Start of RECORDED DATA

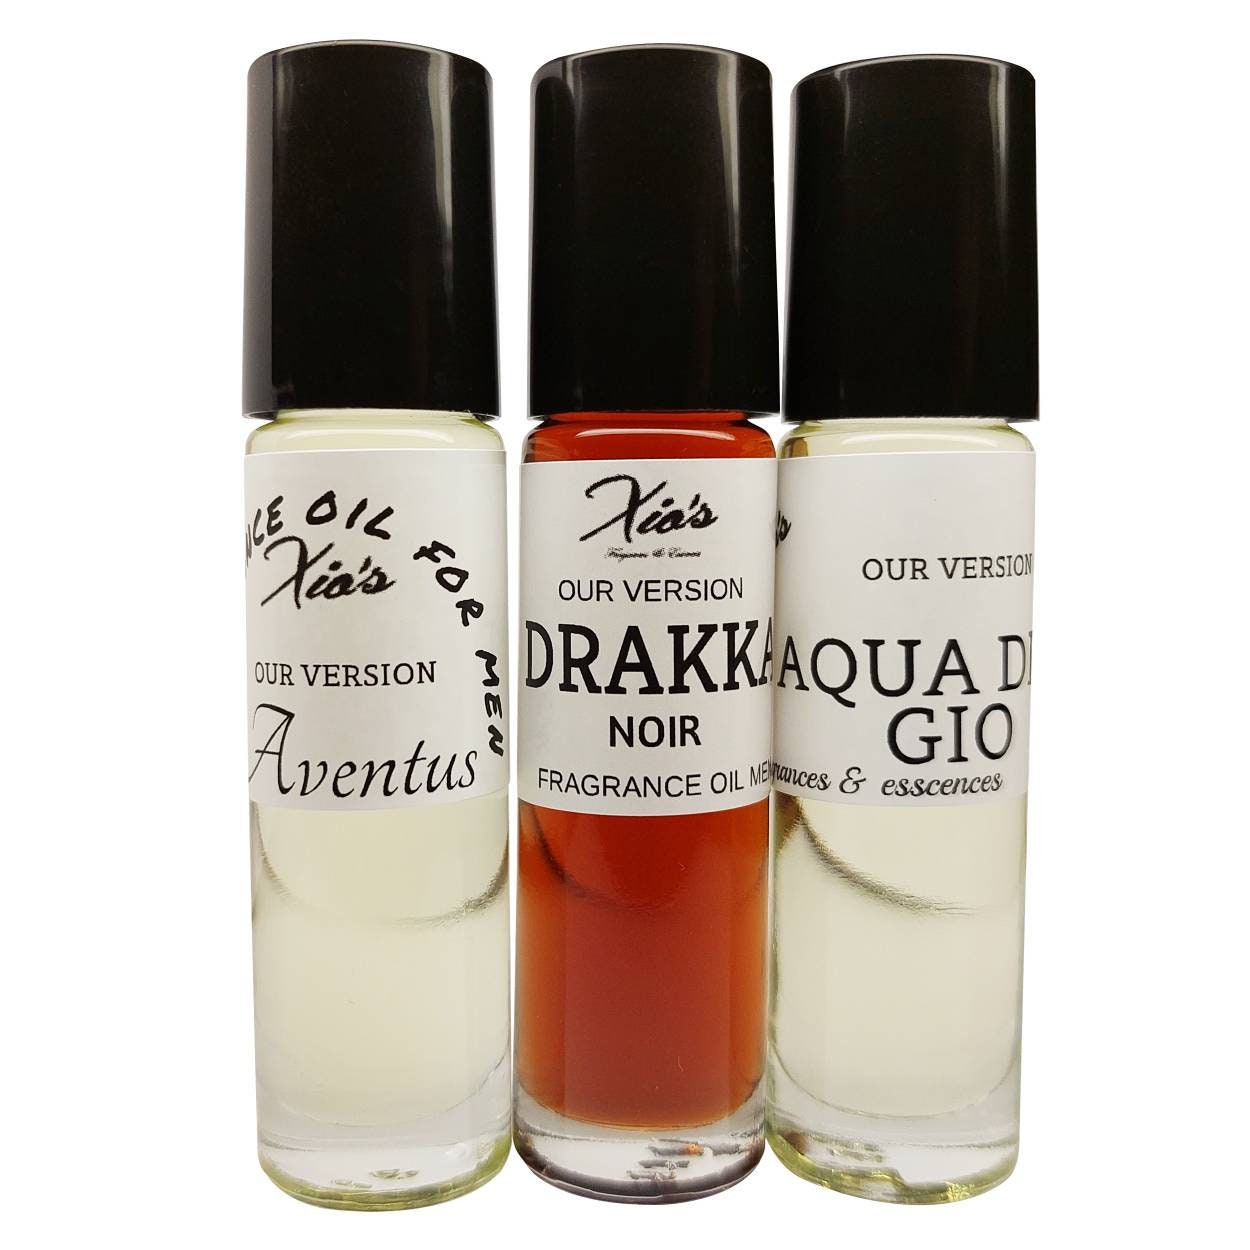 Perfume Similar to Acqua Di Gio  : Discover Sensational Alternatives
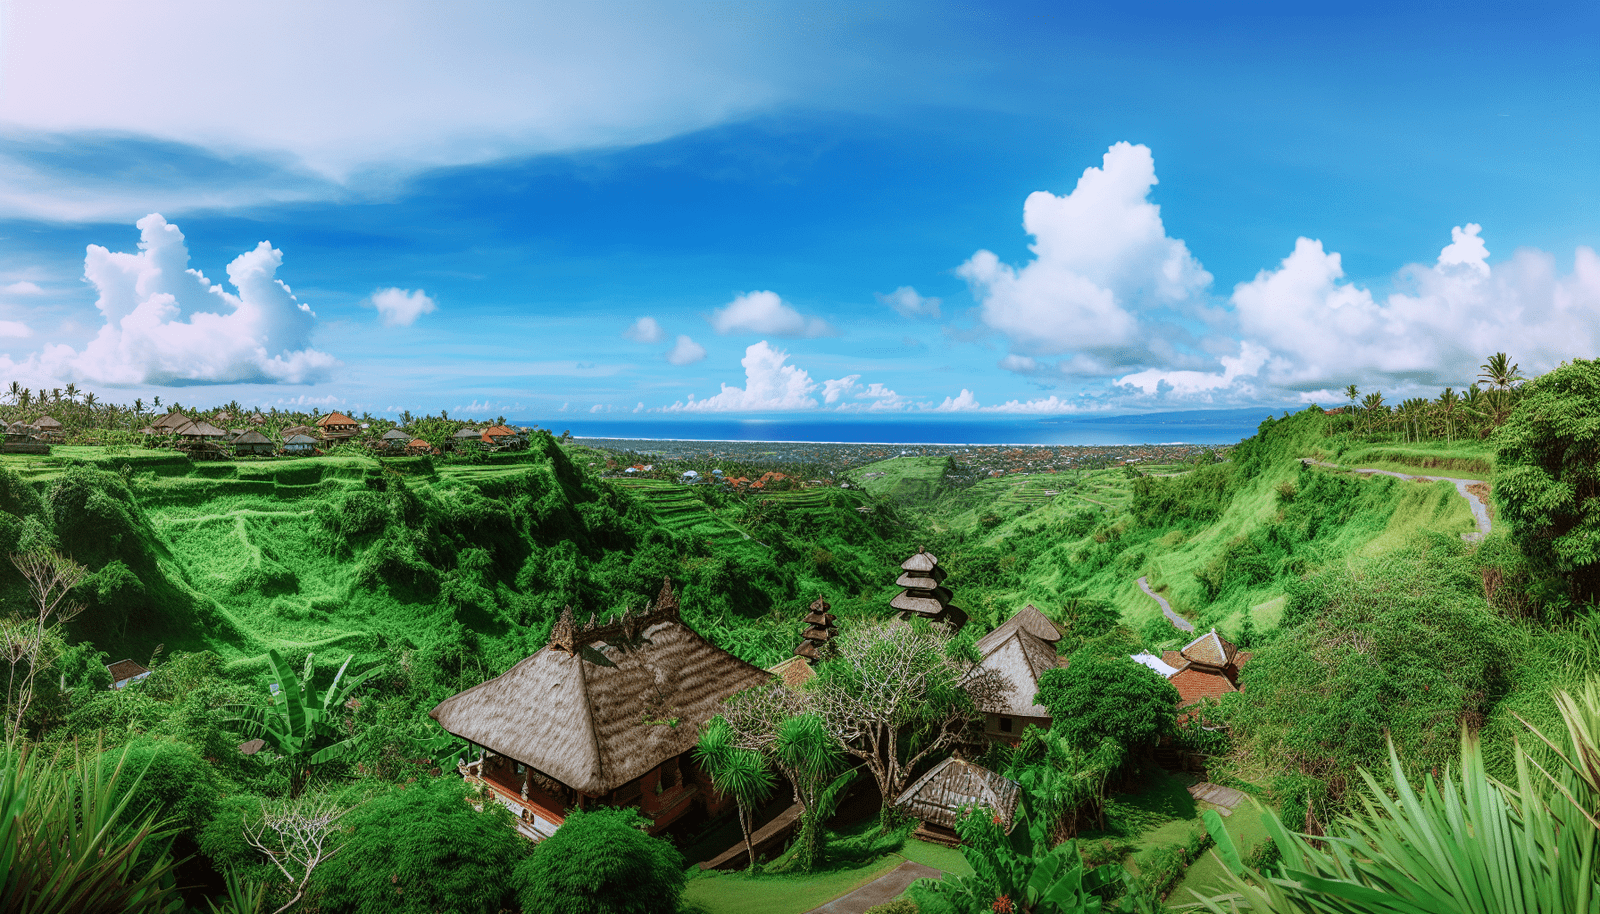 Vue panoramique du paysage de Bali avec sa verdure luxuriante et son architecture traditionnelle
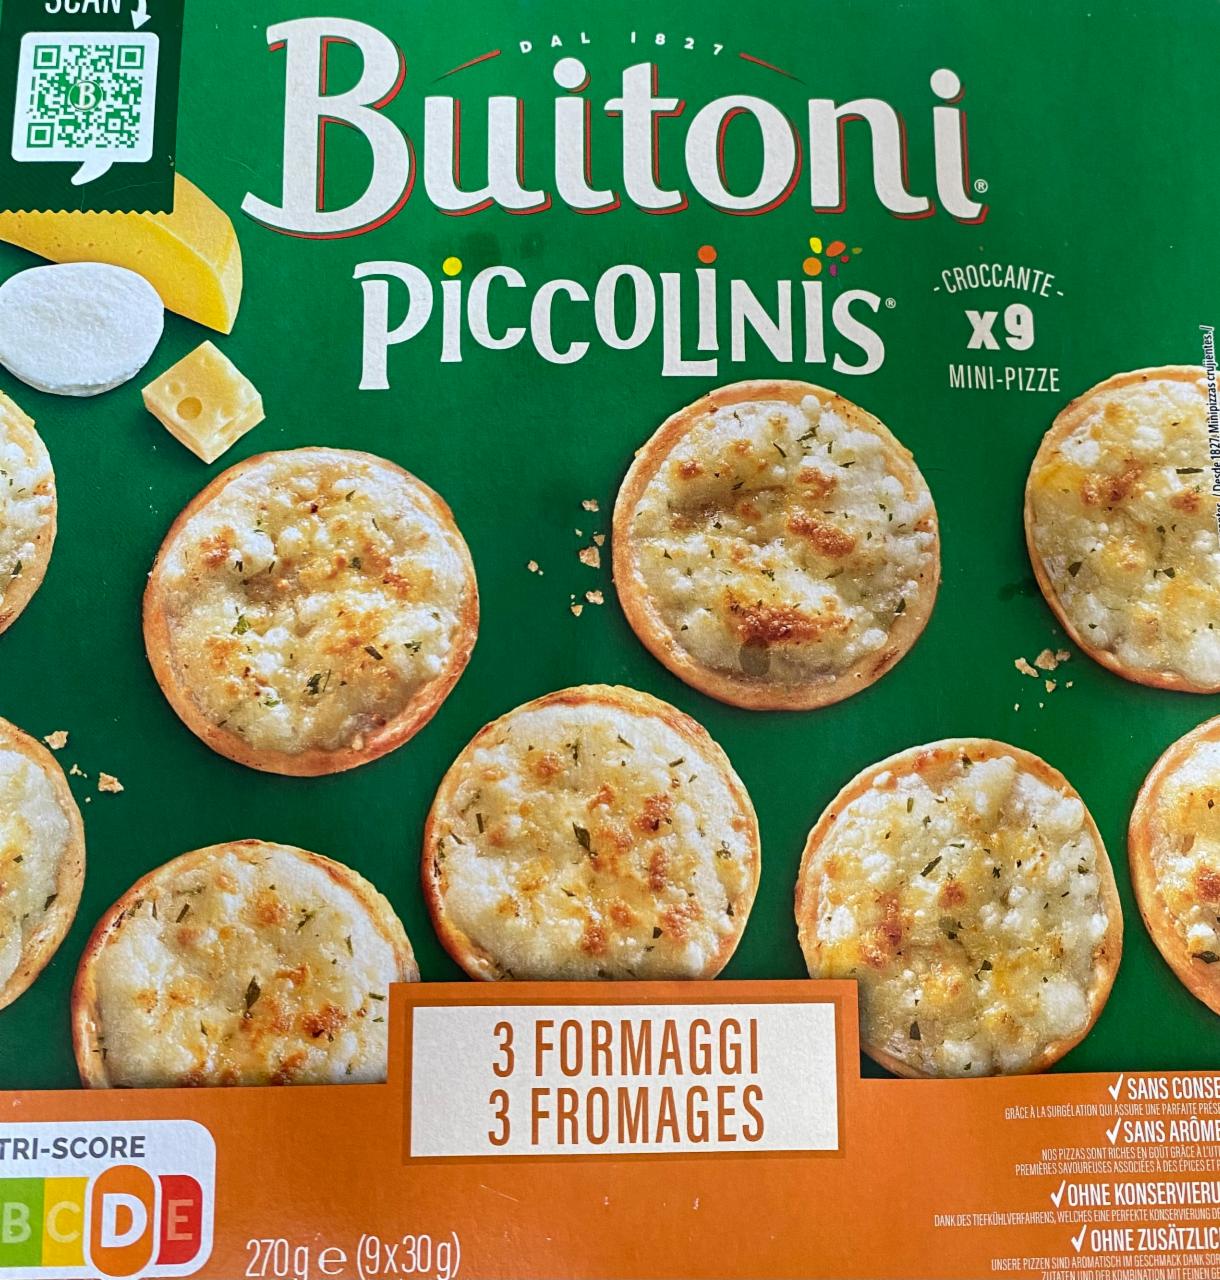 Fotografie - Piccolinis 3 Formaggi mini-pizze Buitoni

End of RECORDED DATA

§ WHAT TO WORK ON
The lines from the one containing "Vue panoramique du" up to and including the last line of the material above are to be given again exactly; any pictures are dropped.

§ REPLY
 Vue panoramique du paysage de Bali avec sa verdure luxuriante et son architecture traditionnelle
 Fotografie - Piccolinis 3 Formaggi mini-pizze Buitoni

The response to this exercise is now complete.